Hawkish Russia and USD appreciation

The Russian invasion of Ukraine has changed the security architecture of Europe and made neighbouring countries nervous.

If Europe’s largest army is on a bear crawl, then an alliance of countries’ armies is the only credible solution to resist potential military aggression.

Suddenly, NATO has a function, becoming relevant and necessary.

Paying for security protection money becomes a non-discretionary expense.

The military-industrial complex is on the receiving end, with most bills paid in USD.   

Improving US balance of trade and USD appreciation

So it is no surprise US exports improved in 2023; led by Energy Products, Capital Goods, Pharmaceuticals, and Automotive.

As we wrote before, Europe’s woes are a classic beggar thy neighbour policy, which maintains US hegemony, keeping the dollar on the throne.

Perhaps that is why a peace plan to end the Ukraine war was deliberately crushed. 

The trade deficit became less horrible by 19% in 2023, with exports of goods and services rising to $3.05 trillion and imports of goods and services falling sharply to $3.83 trillion. 

The most US export products included crude oil, petroleum products, such as natural gas, and petrochemicals tallied $466 billion in exports in 2023.  

The US has become the largest global producer of crude oil, petroleum products, and natural gas. 

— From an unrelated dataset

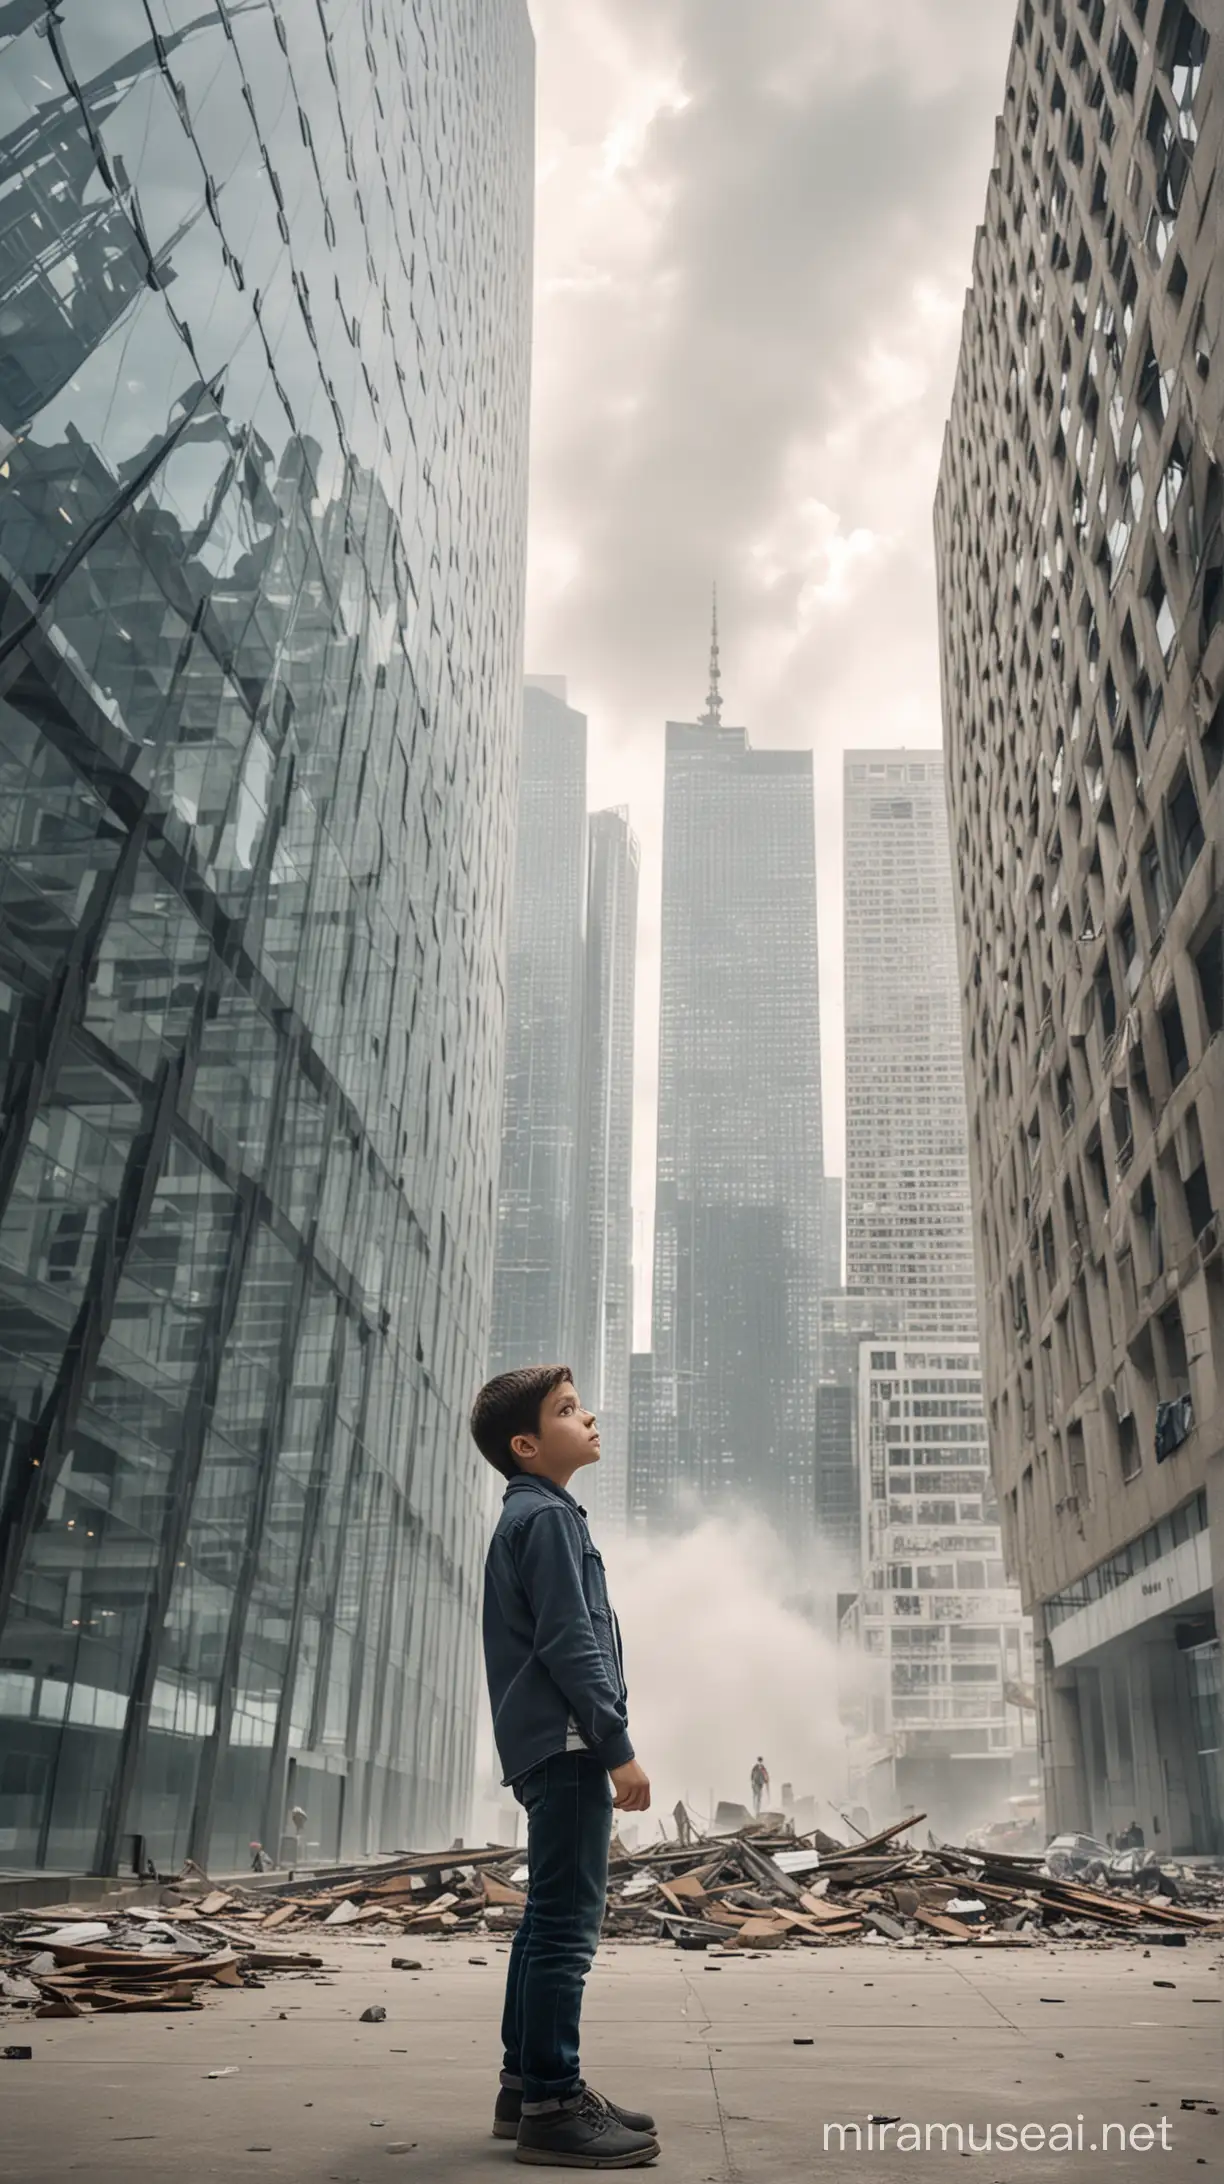 Generate an image depicting a scene where a determined young boy is standing on the ground and looking upwards towards his dream company named "Technovated". The boy is gazing at the towering office building, which is located on the 15th floor of a skyscraper. The building should be depicted in the distance, with the boy positioned in the foreground, symbolizing his aspiration and ambition to join the company someday. The boy's expression should convey a sense of determination and hope as he stares at the building, visualizing his future success and opportunities within "Technovated".

US Capital goods, which include civilian aircraft and engine exports, grew in 2023 at 601.2 billion dollars, up 5% from last year.

Automotive vehicles, parts, and engine exports increased by 12.1% to 179.0 billion in 2023.

More global liquidity and USD appreciation 

Global demand for US treasury bonds could be buoyant going forward, particularly in a global recession, troubled world.